CUARTO.- Desde lo expuesto y recordado, en el presente caso se contiene un pronunciamiento motivado de la Juez en la fase instructora sobre la calificación jurídica que en el plano indiciario le merecen los hechos.

No obstante afirmarse por el investigado/ahora recurrente, la falta de motivación y pretenderse la nulidad de la misma, no conste solicitud de aclaración, complemento y/o subsanación, pasando a calificarla de inmotivada y arbitraria, siendo que basta la sola lectura de la resolución a la luz de lo actuado, para concluir la suficiencia motivacional de la misma, deviniendo la afirmación del recurrente con motivo del recurso de apelación que nos ocupa en, cuando menos, huera retórica.

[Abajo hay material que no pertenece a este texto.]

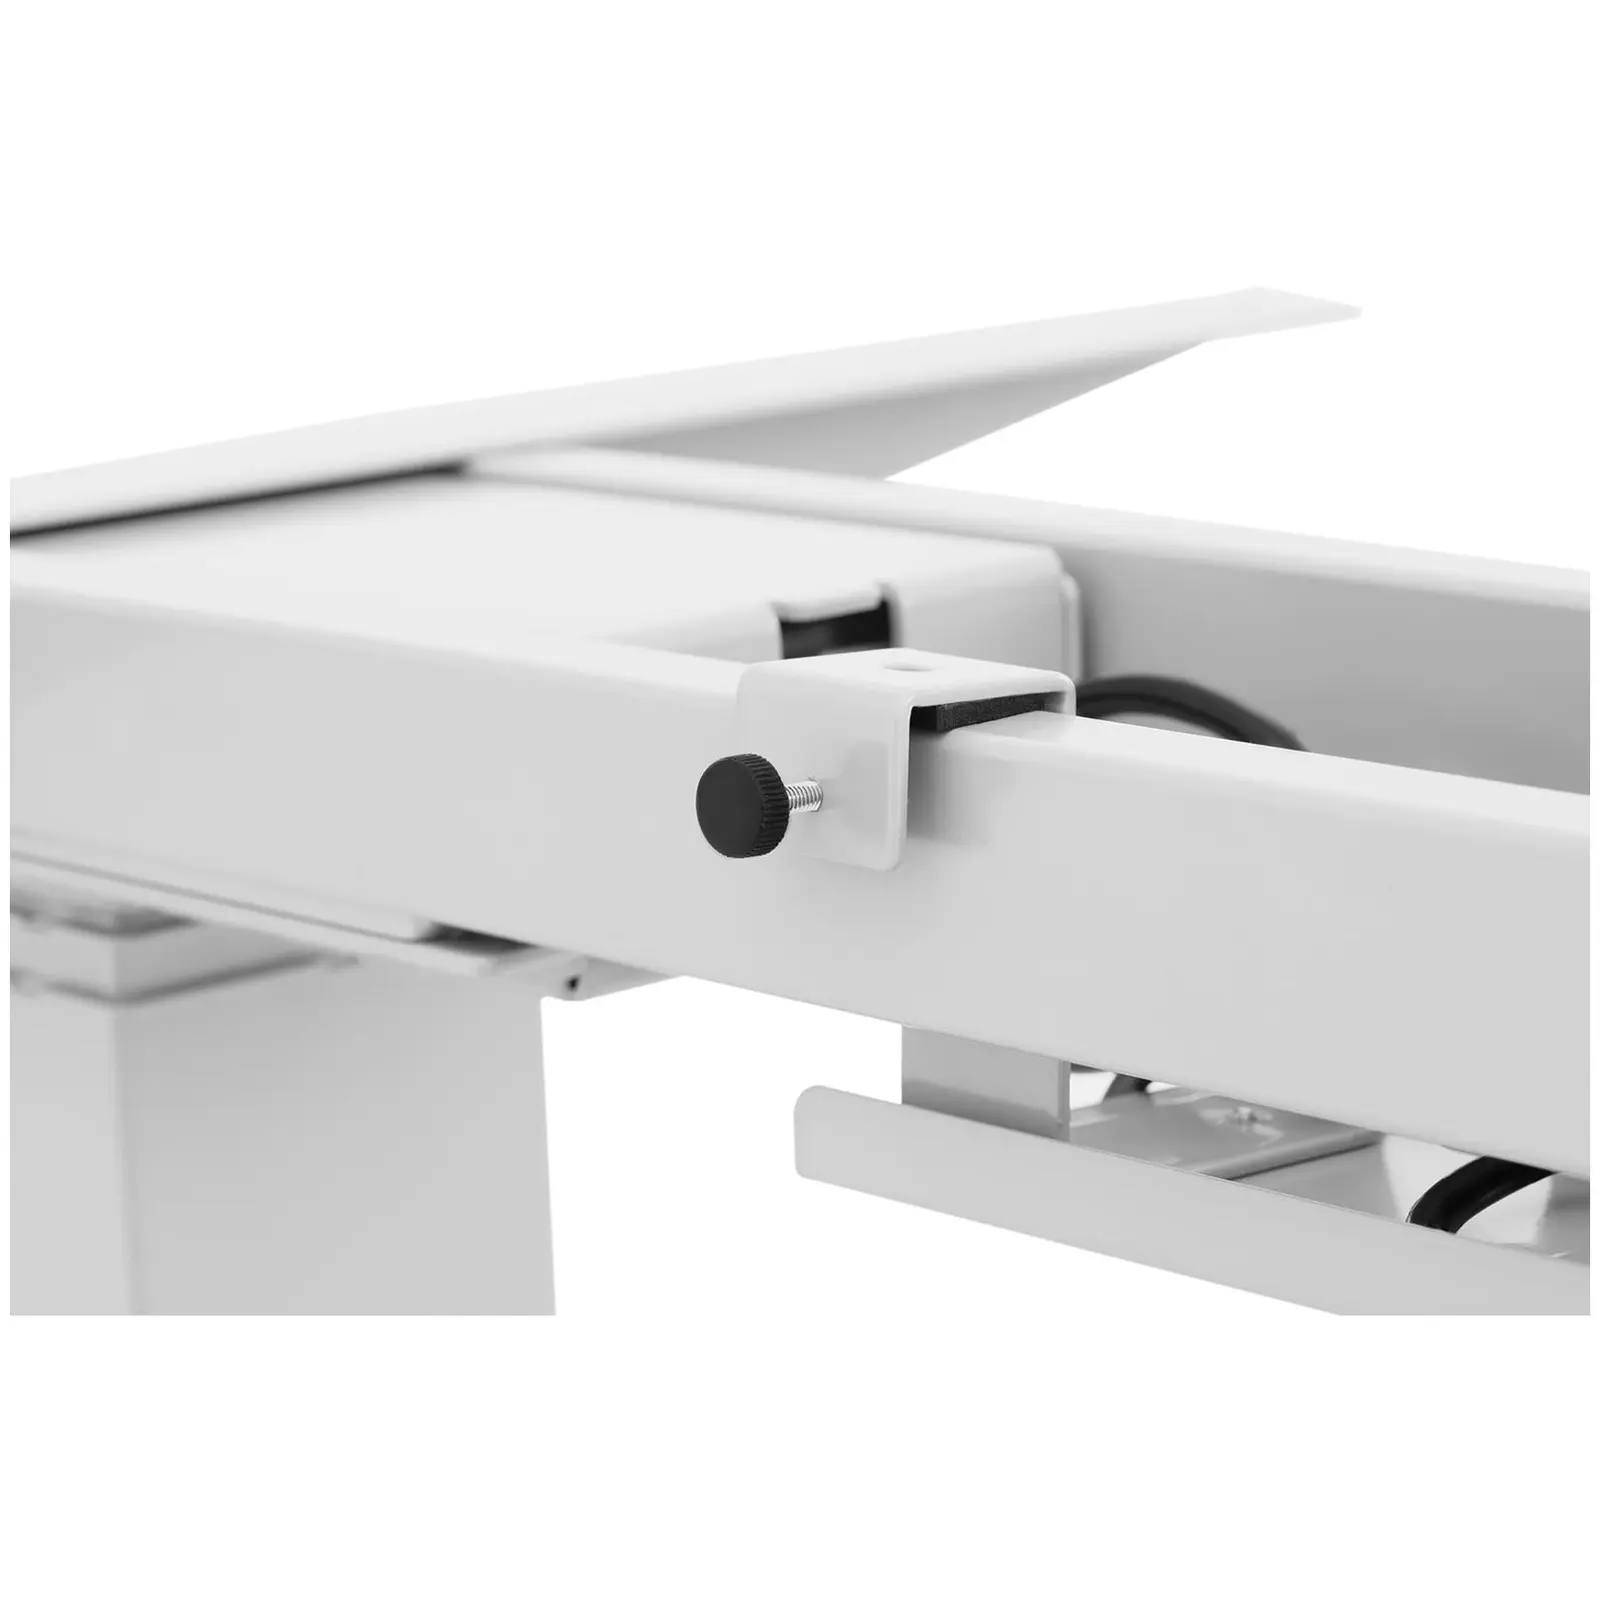 Höhenverstellbares Schreibtischgestell - 200 W - 100 kg - weiß

El derecho a la prueba -se reitera- no es, conforme a lo establecido en los artículos 24.2 de la Constitución, 14.3 del Pacto Internacional de Derechos Civiles y Políticos y 6.3 del Convenio Europeo para la Protección de los Derechos Humanos y Libertades Fundamentales, un derecho incondicionado y absoluto, sino modulado, siendo sabida la improcedencia de investigaciones meramente prospectivas ( STS 2ª 29.04.15), e inexistencia de un derecho incondicional a la prueba ( SS. 6-11- 90 y 10-7-2001), sin que se pueda desapoderar a los órganos judiciales de la competencia que les es propia para apreciar su pertinencia y necesidad ( SSTC 59/91 y 206/94), que es lo que establece, en definitiva, el art. 659 de la LECr al disponer que el Tribunal dictará auto admitiendo las que considere pertinentes "rechazando las demás", pertinencia que se reitera en el art. 779.1.1º LECr.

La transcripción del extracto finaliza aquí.